● Your instructions: What's needed is the listing below, repeated word for word with no pictures.

● Provided data:
====================

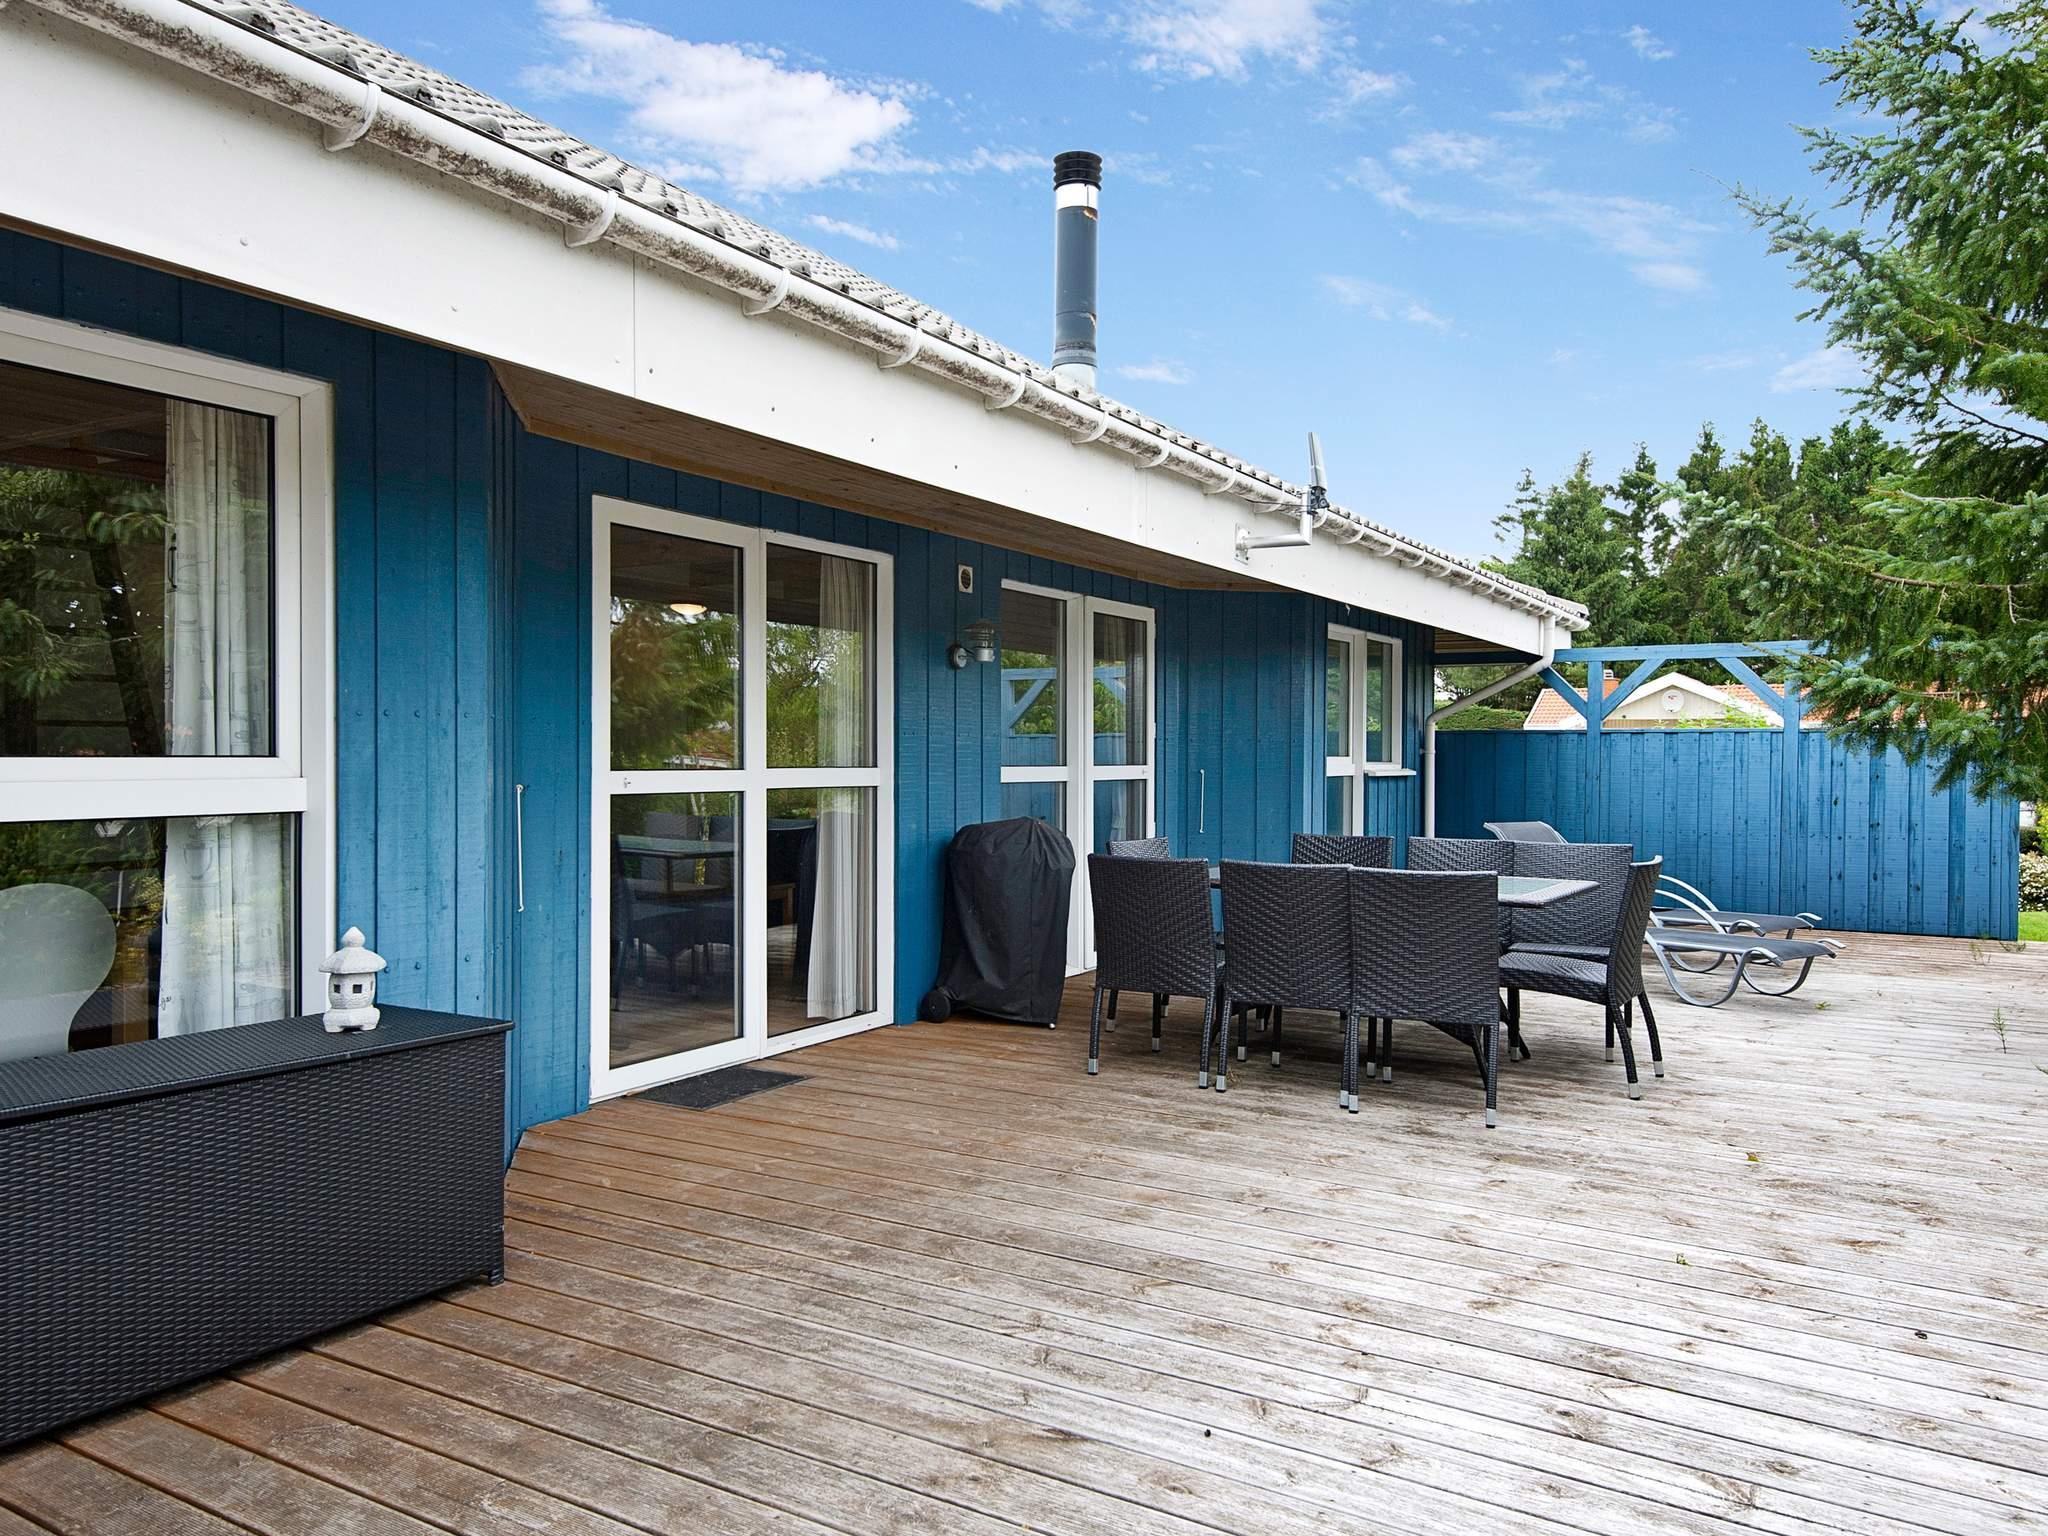 Ferienhaus Hejlsminde Strand (85687), Hejls, , Südostjütland, Dänemark, Bild 17
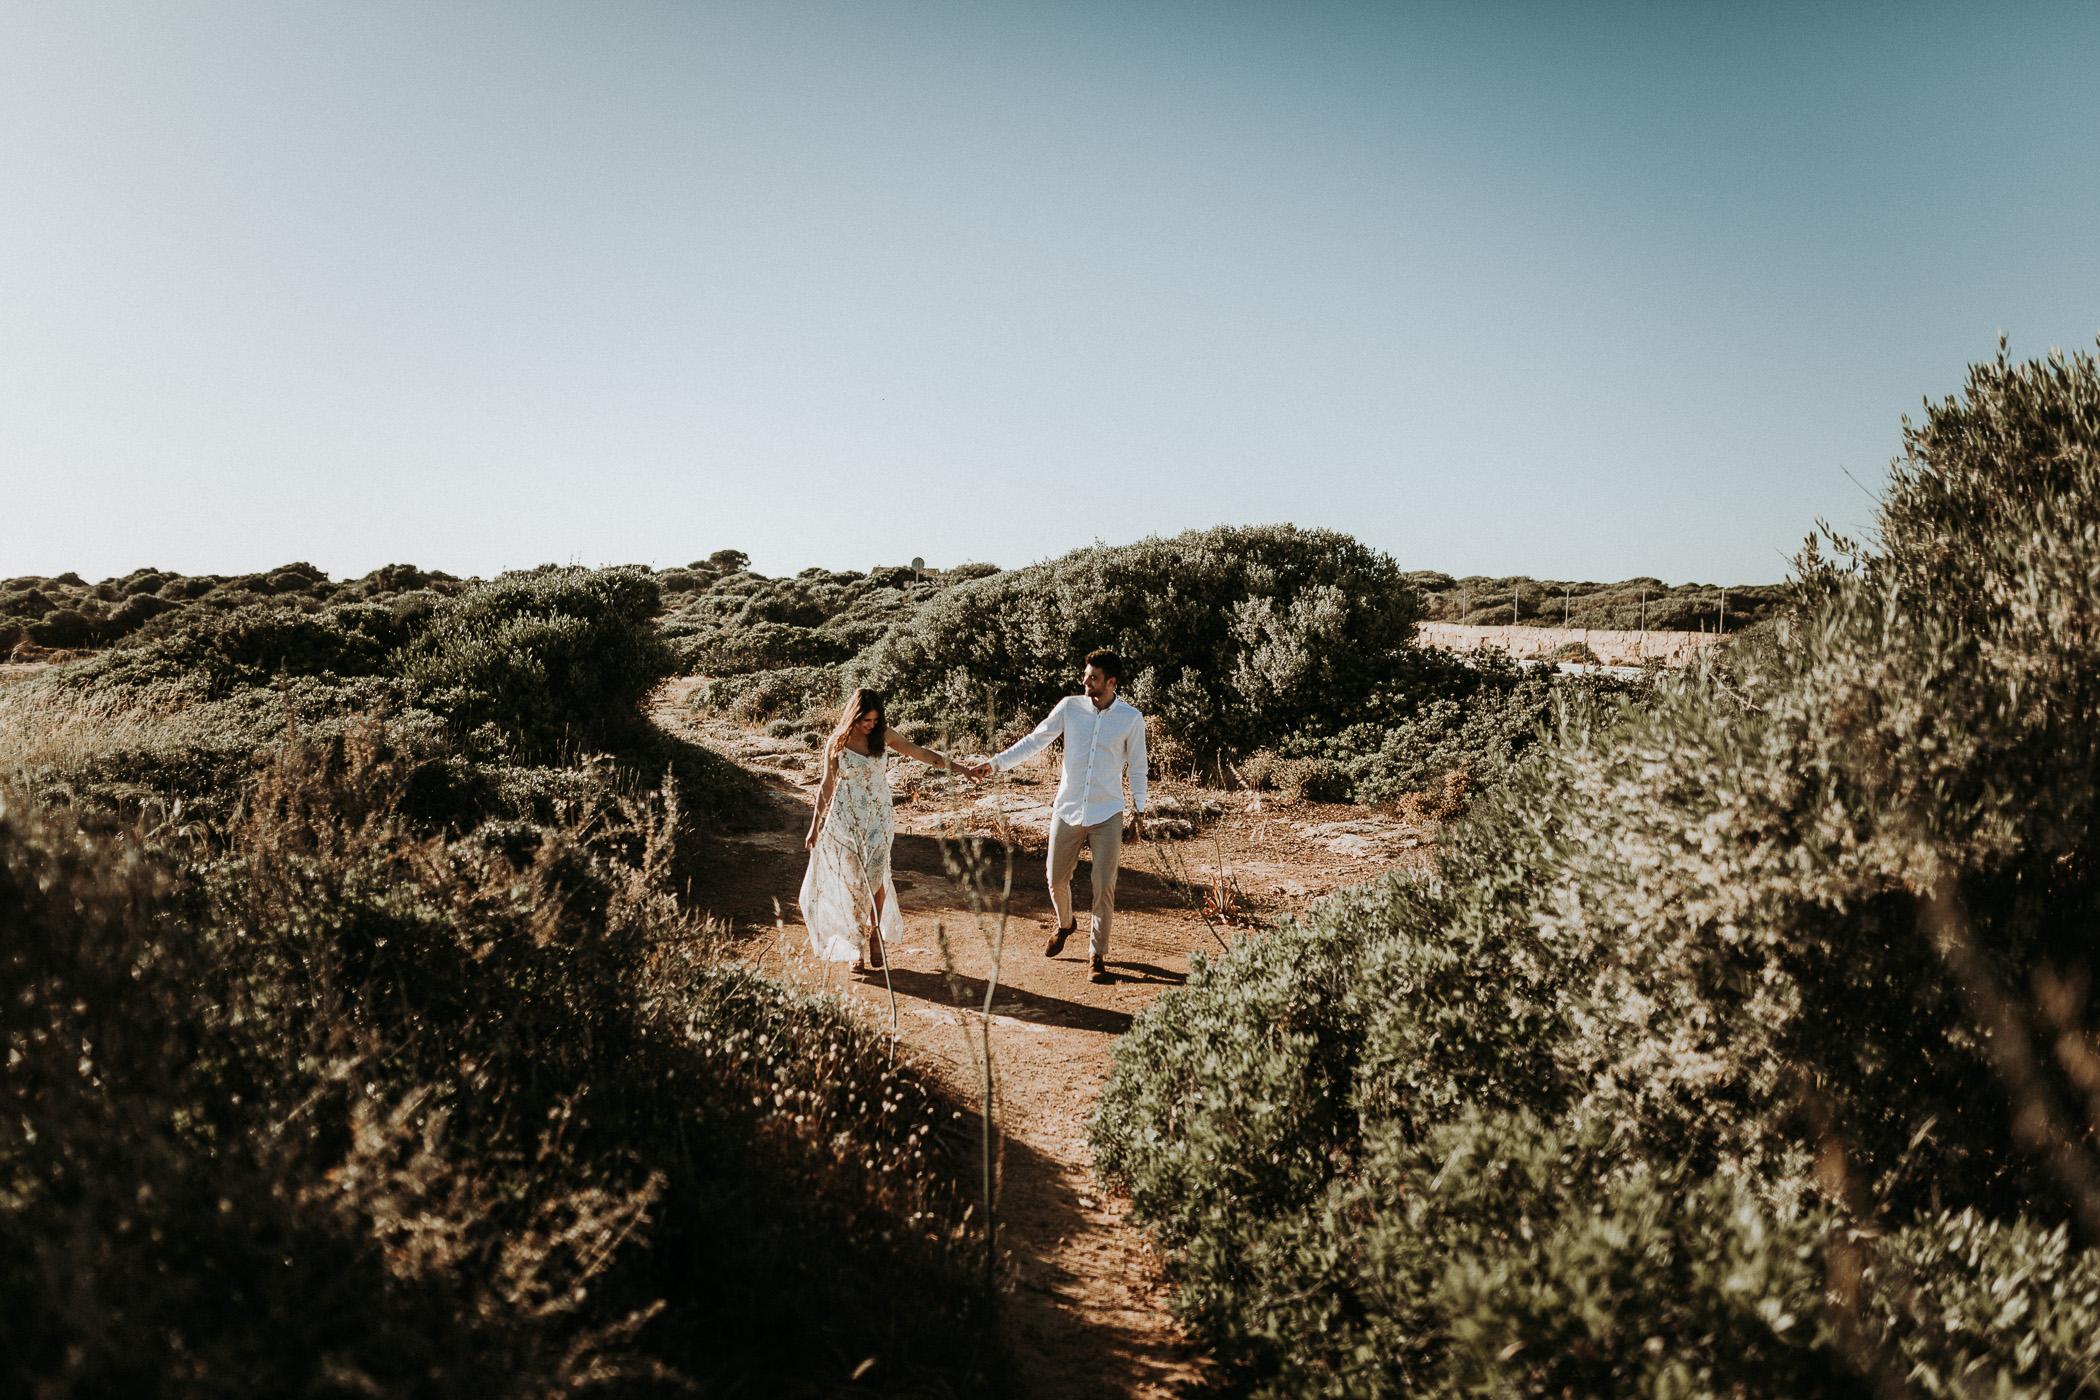 DanielaMarquardtPhotography_wedding_elopement_mallorca_spain_calapi_palma_lauraandtoni_206
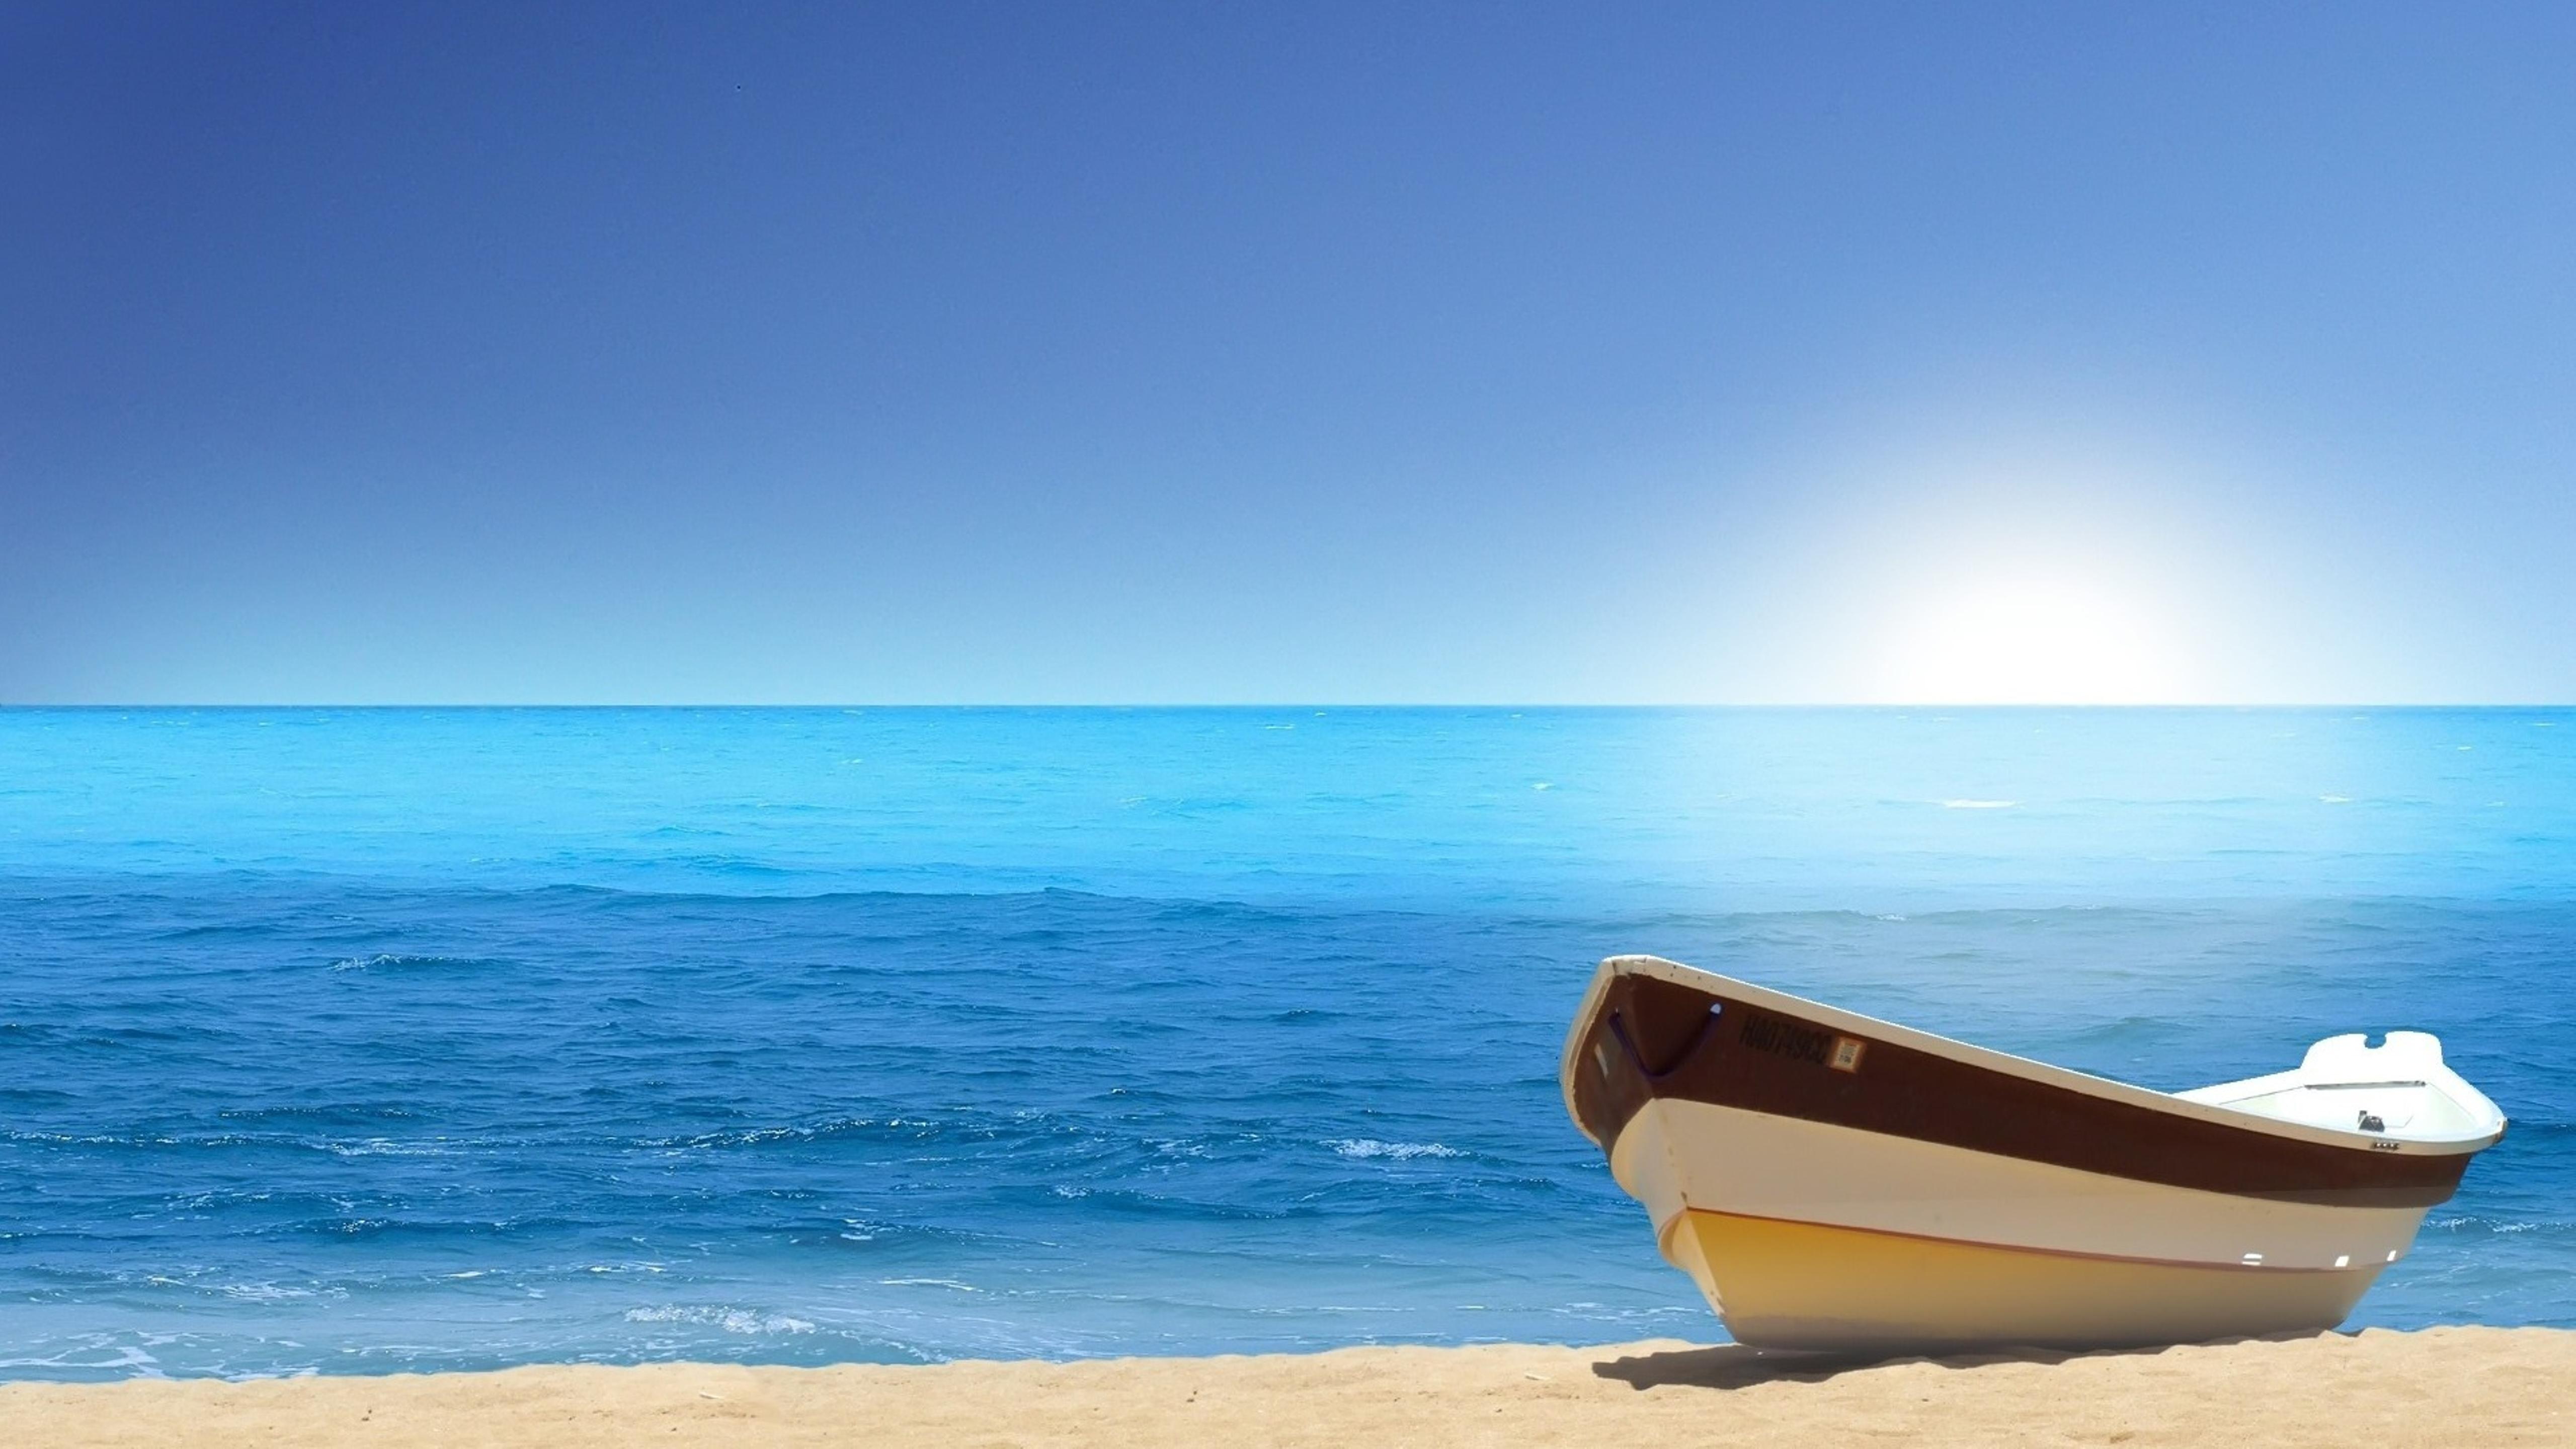 holiday seaside

====================

● Task solution:
 Ferienhaus Hejlsminde Strand (85687), Hejls, , Südostjütland, Dänemark, Bild 17
 DanielaMarquardtPhotography_wedding_elopement_mallorca_spain_calapi_palma_lauraandtoni_206
 holiday seaside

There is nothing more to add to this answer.